18. The method according to claim 17 wherein said progenipoietin is progenipoietin- 1.

19. The method according claim 17 or 18 wherein said graft is an allogeneic graft.

20. The method according to claim 19 wherein said condition is graft versus host disease.

21. The method according to claim 18-20 wherein said graft is a bone marrow graft, spleen cell graft or stem cell graft.

22. The method according to any one of claims 17-21 wherein said graft is pre-treated with progenipoietin.

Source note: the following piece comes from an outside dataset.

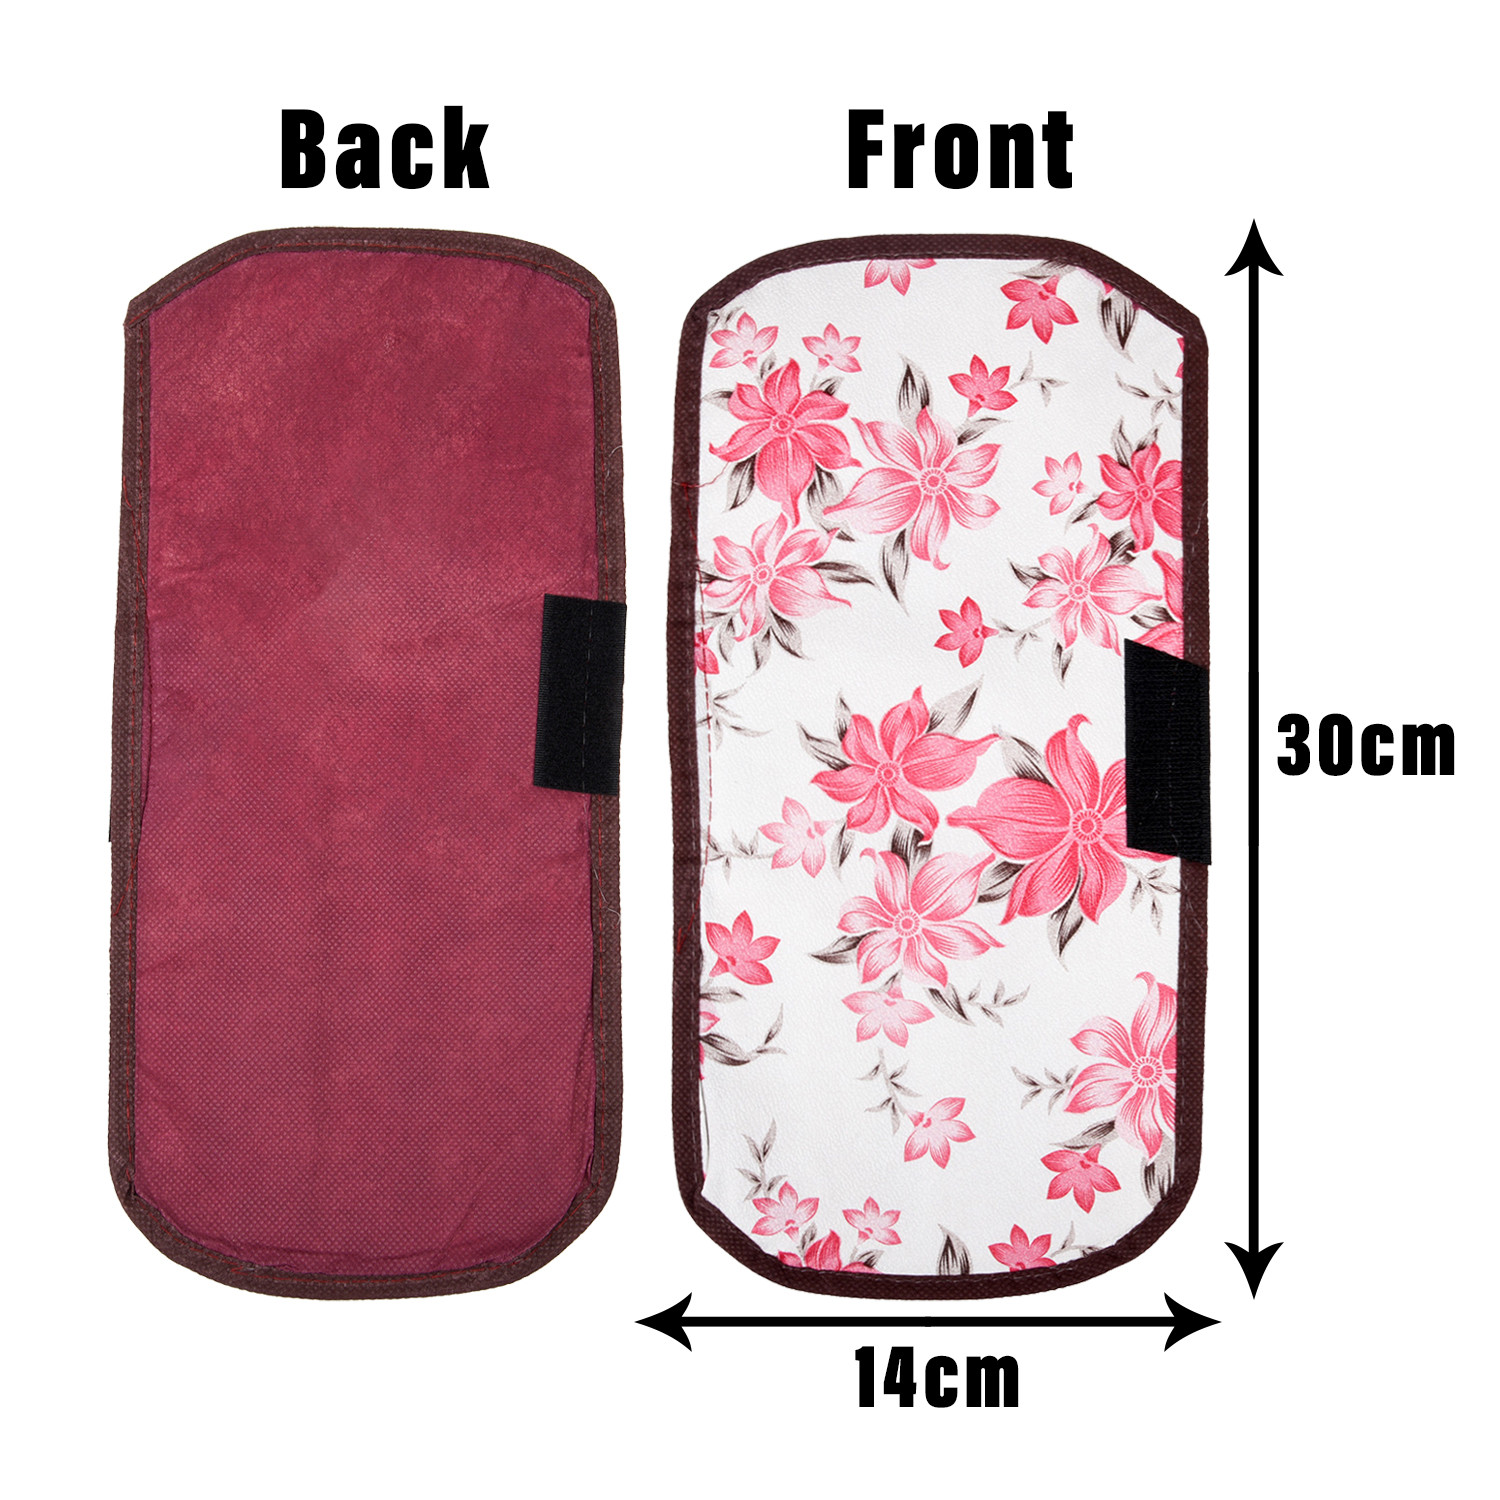 Kuber Industries Fridge Handle Cover | Refrigerator Handle Cover | Fridge Door Handle Protector | Fridge Door Handle Cover | Barik Flower Fridge Handle Cover | 2 Piece Set | Pink

23. Use of progenipoietin or functional derivative, homologue, analogue, chemical equivalent or mimetic thereof in the manufacture of a composition for the treatment of a graft wherein said treatment down-regulates the immunoactivity of said graft.

24. Use according to claim 23 wherein said progenipoietin is progenipoietin- 1.

25. Use according to claim 23 or 24 wherein said graft is an allogeneic graft.

26. Use according to claim 23, 24 or 25 wherein said graft is a bone marrow graft, spleen cell graft or stem cell graft.

27. Use of progenipoietin or functional derivative, homologue, analogue, chemical equivalent or mimetic thereof in the manufacture of a medicament for the treatment of a condition characterised by the aberrant, unwanted or otherwise inappropriate immunoactivity of an immunocompetent graft wherein said treatment down- regulates the immunoactivity of the graft.

28. Use according to claim 27 wherein said progenipoietin is progenipoietin- 1.

29. Use according to claim 27 or 28 wherein said graft is an allogeneic graft.

30. Use according to claim 29 wherein said condition is graft versus host disease.

31. Use according to claim 27-30 wherein said graft is a bone marrow graft, spleen cell graft or stem cell graft.

32. Use according to claim 27-31 wherein said graft is pre-treated with progenipoietin.